6. The apparatus of claim 3 wherein the means for rotating said pair of tubes is comprised of a circumferential gear mounted on the outer side wall of the forward large diameter end of said first tube, a motor the drive shaft of which is provided with a gear which is meshed with said circumferential gear, a pair of circumferential tires laterally spaced apart one from the other and mounted on the outer side wall of said first tube, laterally spaced apart rollers directly mounted upon the skid upon which each of the tires, respectively, are supported, and rotatable on energinizing the motor to rotate the tubes.

7. The apparatus of claim 2 wherein the inside side wall of the first tube is arrayed along its length with one or more short lengths of chain, the lengths of chain being affixed to and suspended via their ends from said wall such that the closed ends extend into the annular passageway between the pair of tubes, the length of chain dragging through the residual solids on rotation of the tubes to enhance heat transfer and suppress agglomeration and sticking of the residue to the inside side wall of said first tube.

8. The apparatus of claim 2 wherein a plurality of burners are tangentially mounted within the side wall of the burner box.

9. The apparatus of claim 8 wherein a pair of burners are tangentially mounted within the side wall of the burner box, each on alternate sides of the burner box.

10. The apparatus of claim 2 wherein a single burner is mounted to extend through the enclosing end wall of said first tube into the forward end of said second smaller diameter tube.

11. The apparatus of claim 2 wherein the elevator means located within the large diameter end of said first tube is constituted of a plurality of spaced apart open end tubular buckets arrayed circumferentially around the inside side wall of said first tube and rotatable therewith so that the open end of a bucket in a downward position can scoop residue collected and piled at the forward lower side of said first tube at the end of the annular passageway and, in an upward elevated position can discharge the residue via its tubular end into the circumferential side wall openings of the second tube into the axial opening thereof.

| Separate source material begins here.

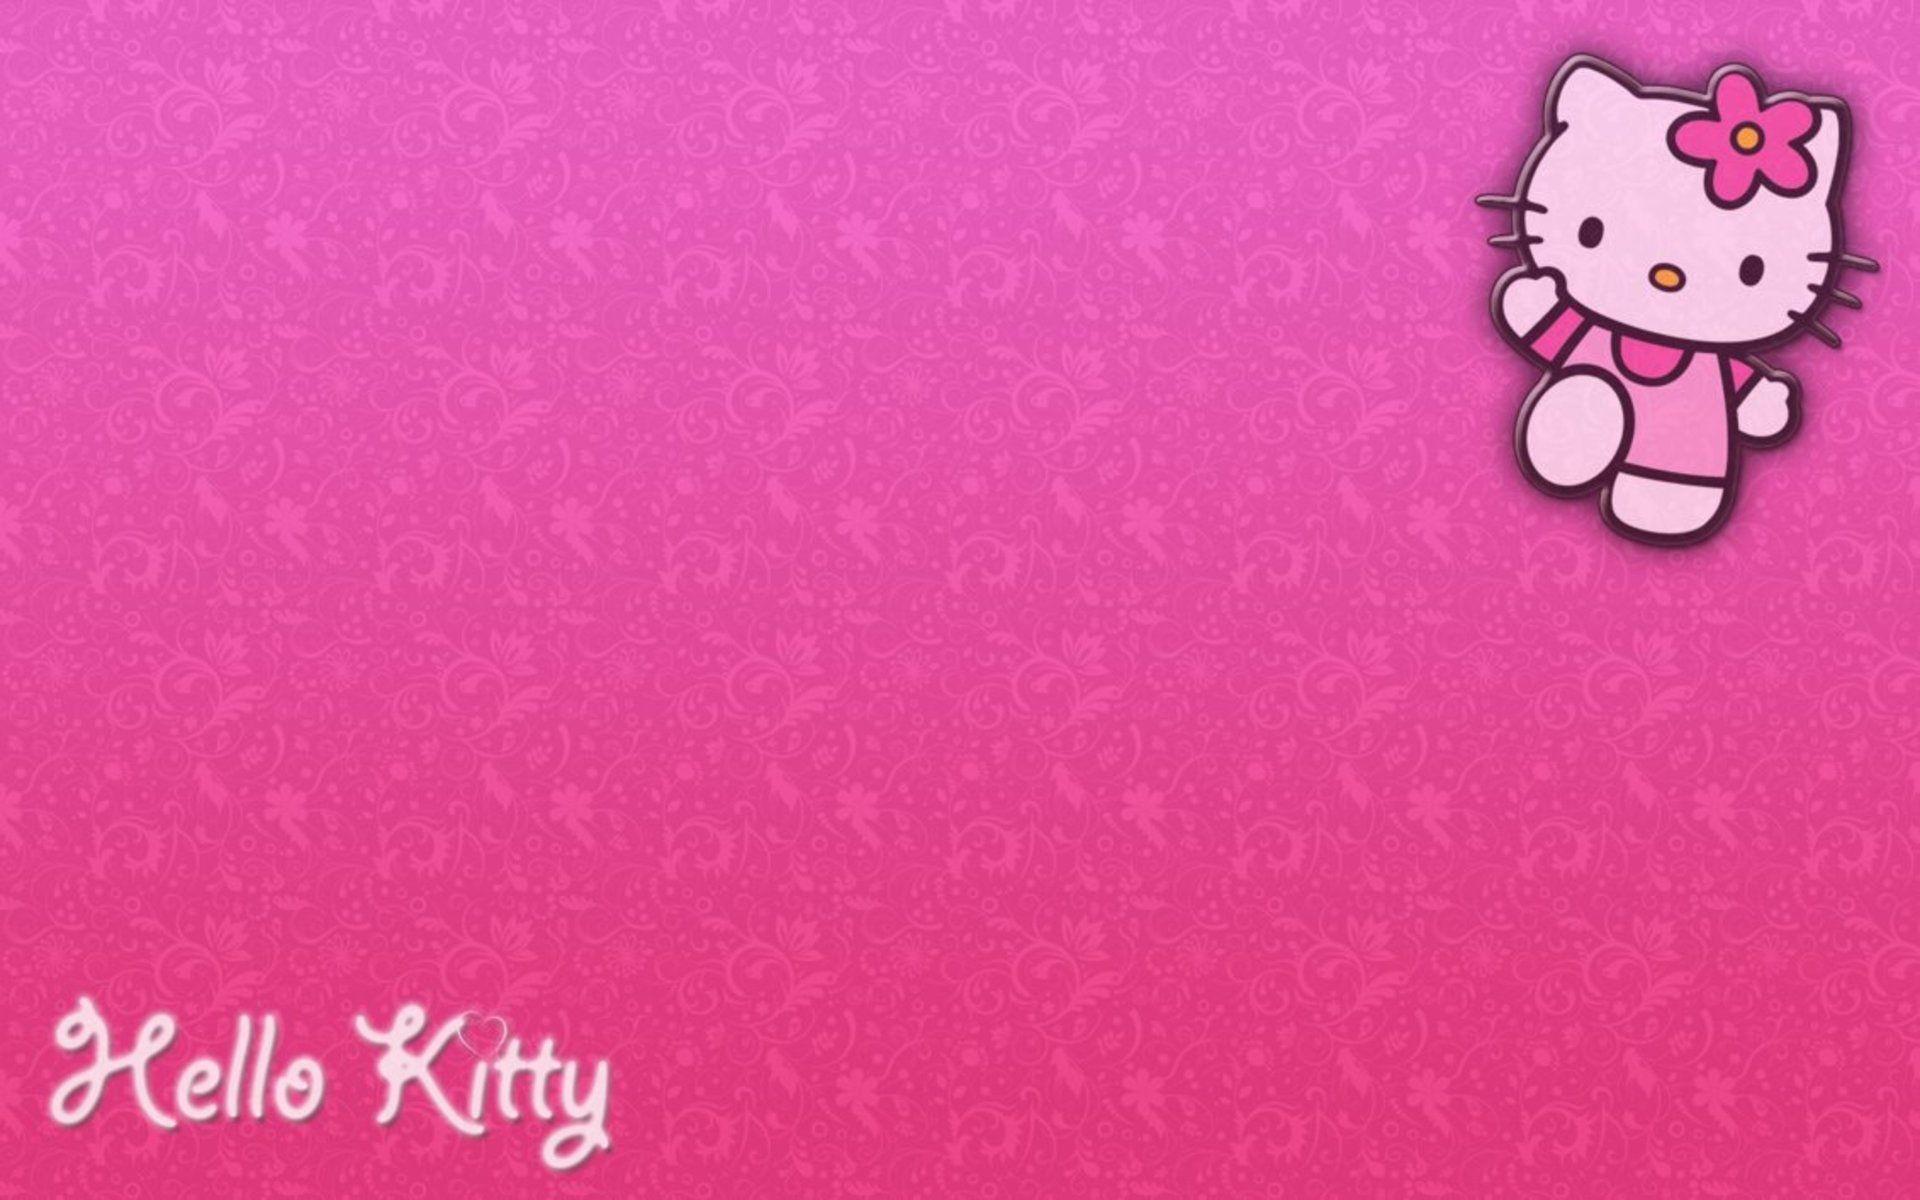 Pink Wallpaper Background Desktop Hello Kitty Biajingan Wall Touched up, cropped and adopted for wallpaper use by minh tan, digitalcitizen.ca. pink wallpaper background desktop hello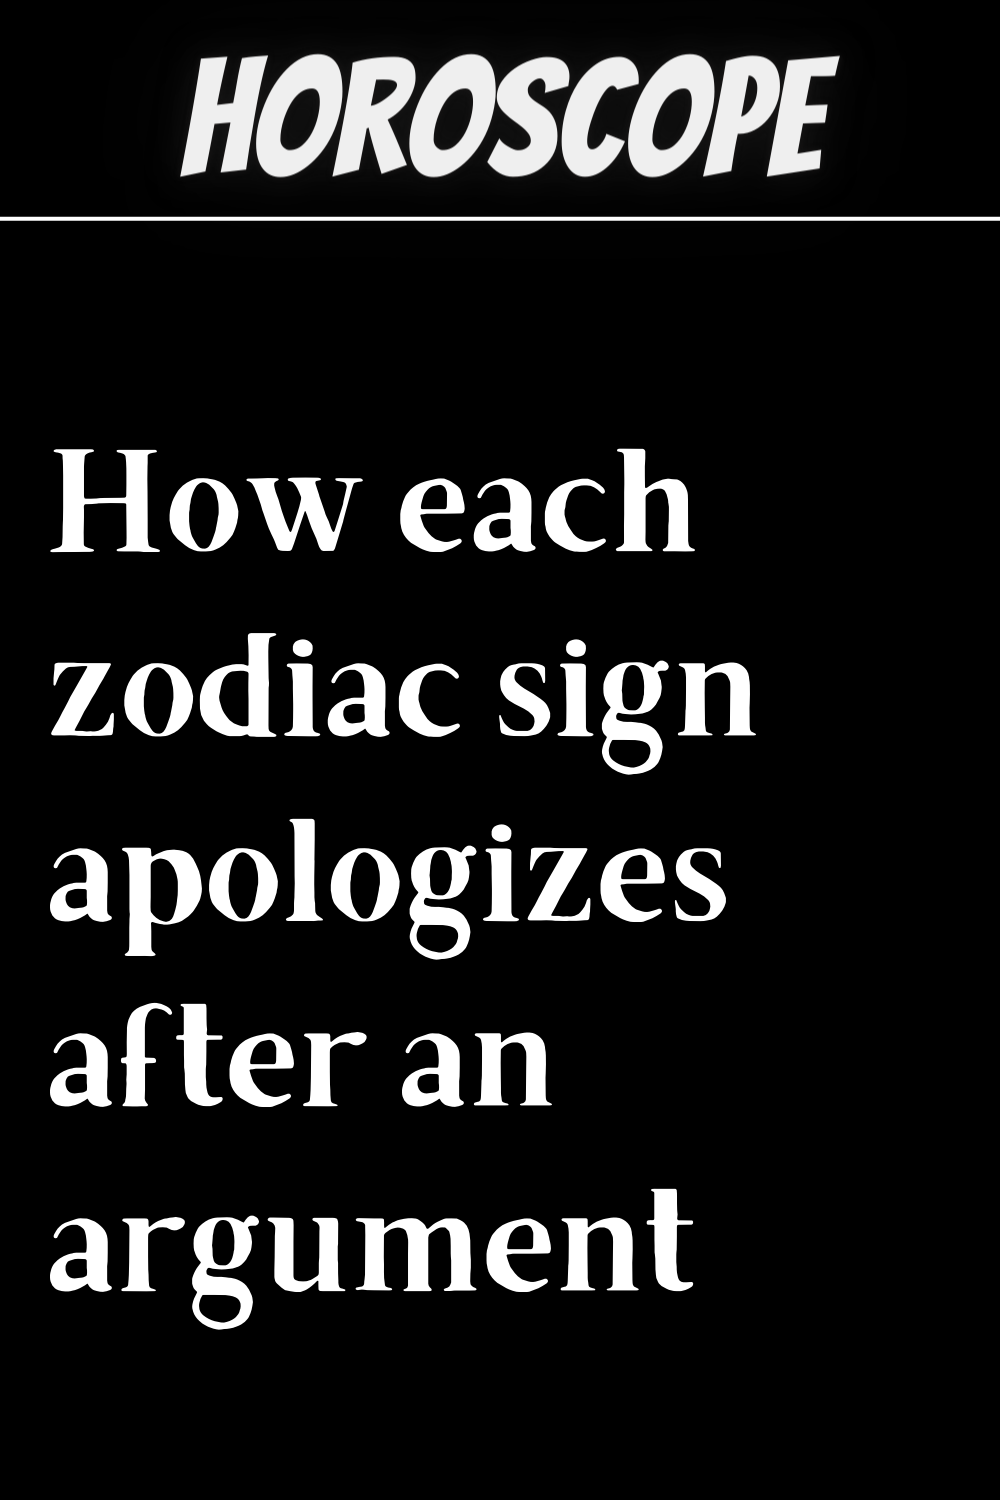 How each zodiac sign apologizes after an argument

12. The apparatus of claim 2 wherein the waste oil, sludge or slurry feed means is constituted of a tubular section within which a screw conveyor is located and rotatably mounted therein, the feed discharge end is extended through the rearward wall of said burner box into the rearward lower small diameter end of said first tube of frusto conic shape, and the end of the tubular section opposite the discharge end is provided with a hopper into which the feed is introduced for discharge into said first tube.

13. The apparatus of claim 2 wherein the burner box at the rearward small diameter end of said first tube is positioned and supported upon a support frame directly mounted upon the skid, the height being adjusted to provide a continuous downward slope for the annual passageway between the walls of the two tubes, and continuous downward slope in the opposite direction for the axial opening through said second tube.

14. The apparatus of claim 13 wherein the slope of the annular passageway between the two tubes ranges from about 1/8 inch to about 7/8 inch, per linear foot, and the slope of the axial opening through the second tube ranges from about 1/8 inch to about 7/8 inch, per linear foot.

15. The apparatus of claim 14 wherein the slope of the annular passageway ranges from about 1/4 inch to about 1/2 inch, per linear foot, and the slope of the axial opening ranges from about 1/4 inch to about 1/2 inch per linear foot.